While labor and environmental leaders commented on moving forward with the proposed standard, they called for a final standard that responsibly reduces carbon pollution from key sources, upgrades infrastructure, and expands clean energy and energy-efficient technologies—all while creating and maintaining middle-class jobs and helping to revitalize the nation’s manufacturing sector.

“It’s time to apply new and innovative solutions to the challenge of climate change—today’s power sources must be a part of that response,” said Frances Beinecke, President of the Natural Resources Defense Council. “It’s the logical next step and, as the evidence shows, this can be one of the most impactful ways to make America’s energy supply sustainable over the long-term.”

“Proposed existing source standards can be written and implemented effectively, so long as they strive for maximum flexibility while also continuing to meet high standards of power reliability, foster economic stability and meet our environmental responsibilities,” said William P. Hite, General President of the United Association of Plumbers and Pipefitters (UA).

The final standard regulating emissions from existing power sources is expected to be completed one year from now, in June 2015.

“President Obama is showing strong leadership in addressing climate change to protect our families and communities,” said Mary Kay Henry, President of the Service Employees International Union (SEIU). “Over our history, we have seen leaders make other decisions in the midst of difficult times—from the implementation of the Clean Air and Clean Water Acts to efforts to strengthen the rights of working people at the beginning of the labor movement—that today are making a tremendous difference in our lives. This will have a similar lasting impact.”

“We strongly support the EPA’s proposed Clean Power Plan to cut carbon pollution from existing power plants. Nearly 7 million children suffer from asthma, and every day, 36,000 children miss school due to asthma. A cleaner environment will provide a healthier life for today¹s children and families and for generations to come,” said Randi Weingarten, president, American Federation of Teachers.

Throughout the input and implementation processes, states will have the opportunity to take the lead on individualizing a plan that accounts for their economic strengths and weaknesses and that works best to meet EPA’s benchmarks.

“Extreme weather such as heat waves and droughts are costing humans and wildlife more than ever,” said Jim Lyon Vice President for Conservation Policy at the National Wildlife Federation (NWF). “We’re at a point where we must produce our energy in cleaner and more efficient ways to reduce U.S. carbon emissions over the next several decades.

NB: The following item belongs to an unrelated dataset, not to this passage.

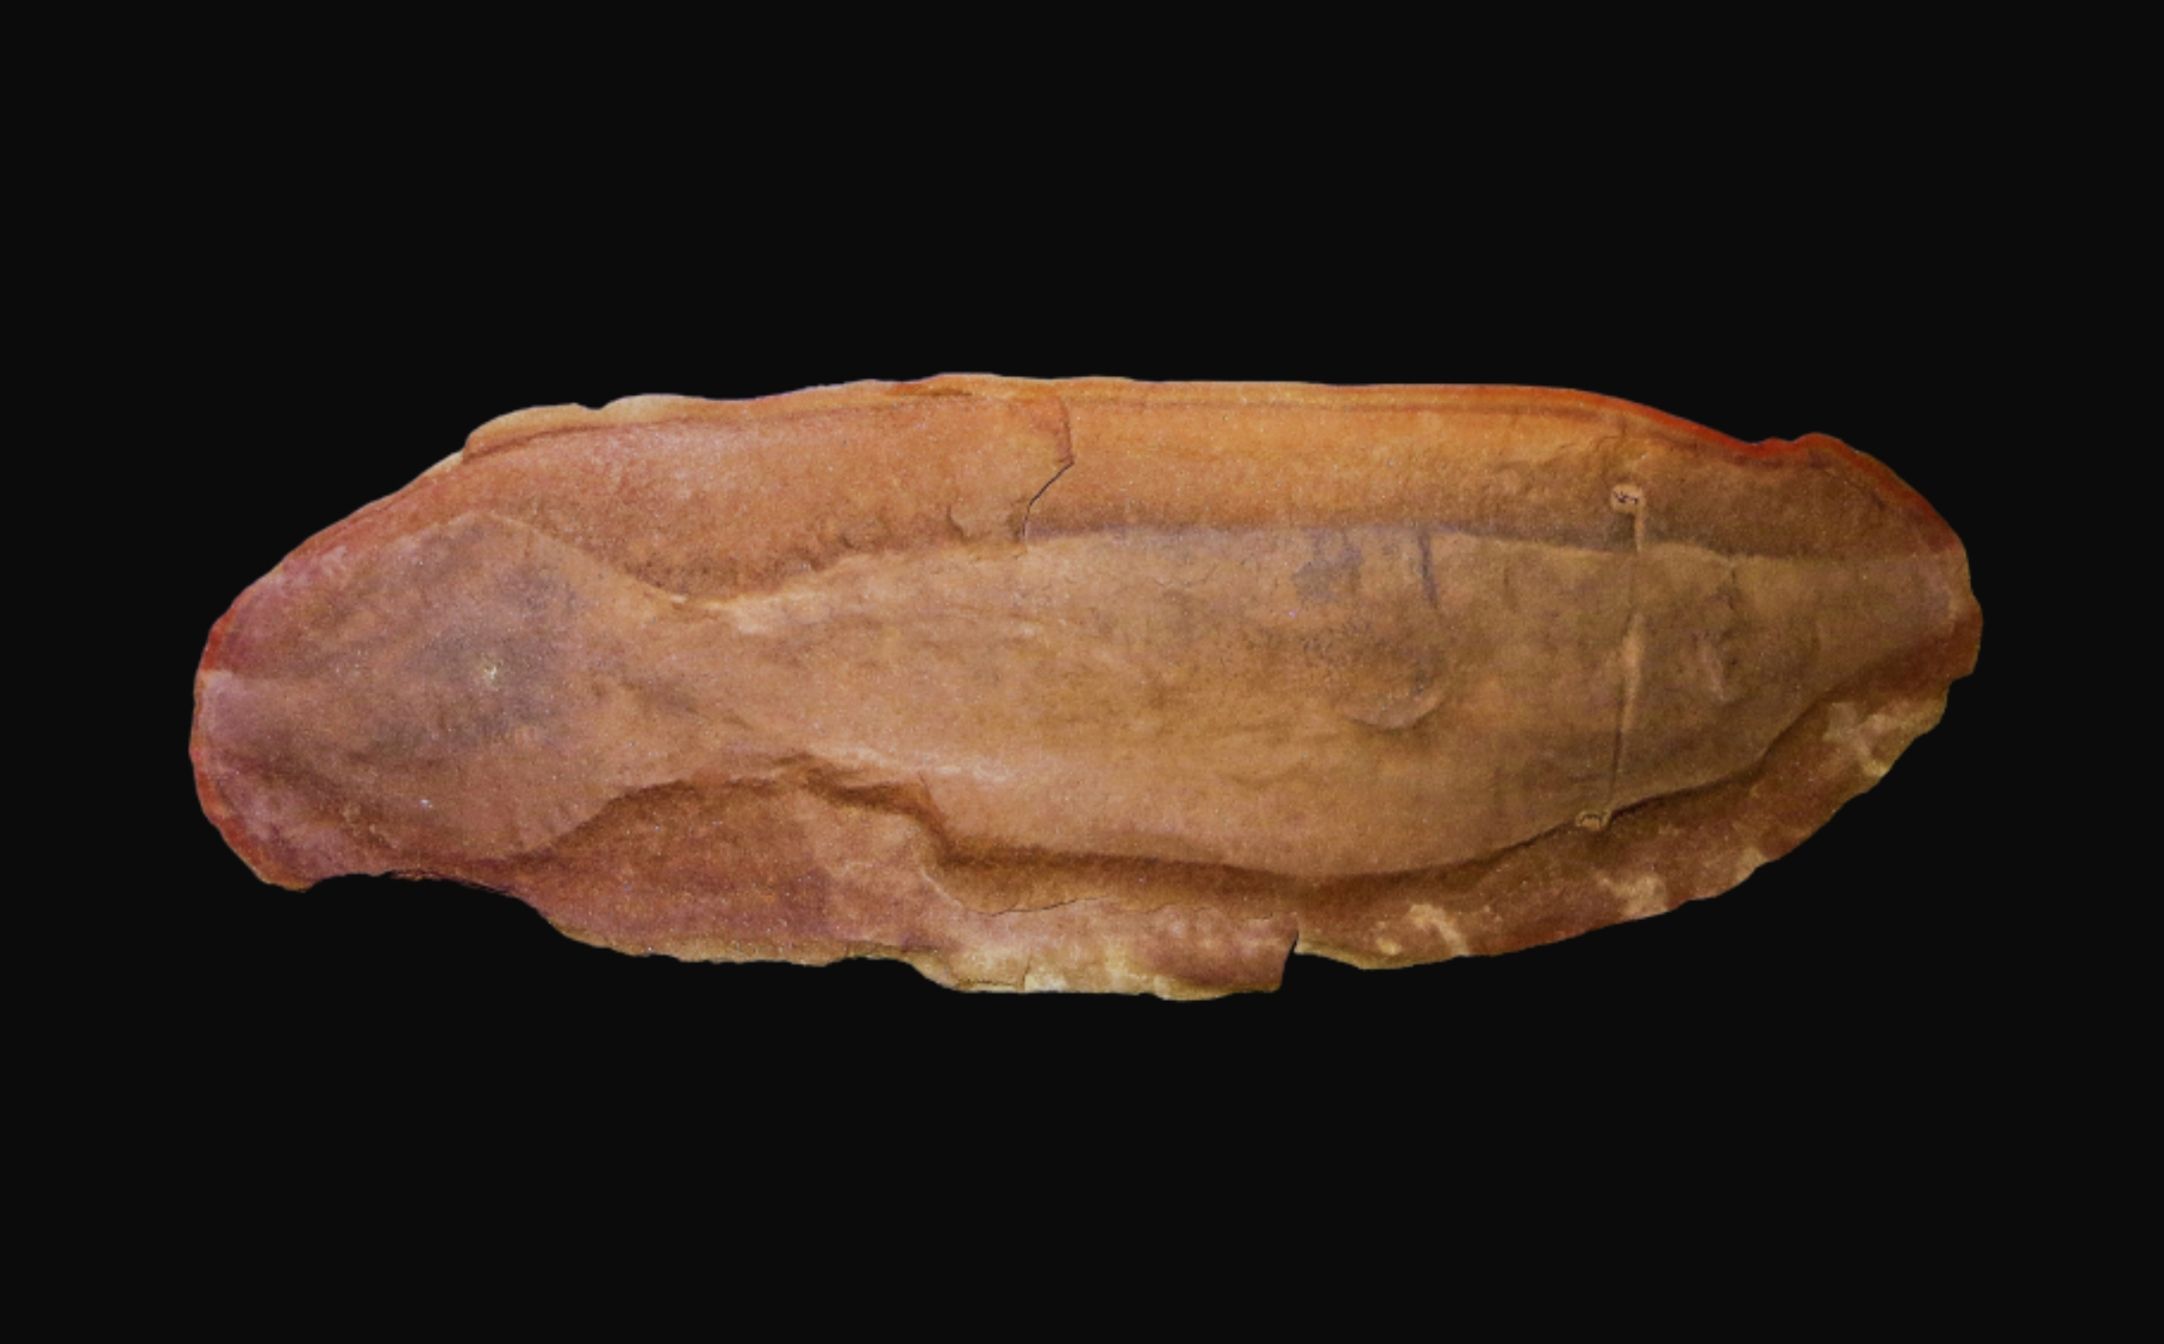 ಟುಲ್ಲಿ ಮಾನ್ಸ್ಟರ್ - ನೀಲಿ 1 ರಿಂದ ನಿಗೂಢ ಇತಿಹಾಸಪೂರ್ವ ಜೀವಿ

Making America’s power generation more efficient can create new jobs and bring us closer to realizing the vision of a cleaner environment and a more competitive economy.”

“We applaud the EPA for delivering on President Obama’s promise to take steps to address climate change and help move us towards a brighter future,” said Dr. Kathleen Rest, Executive Director of the Union of Concerned Scientists. “We’re confident that states can implement these standards and have a positive impact on communities, working families, and the environment for a long time to come.”

“This a significant step forward—one that will help fight climate change; spur our economy to innovate and move to cleaner, renewable sources of energy; and help the American economy become more energy efficient in the years to come,” said David Foster, Executive Director of the BlueGreen Alliance. “We support EPA’s authority to limit emissions from power plants, and look forward to working with them and states as this standard moves toward finalization and implementation.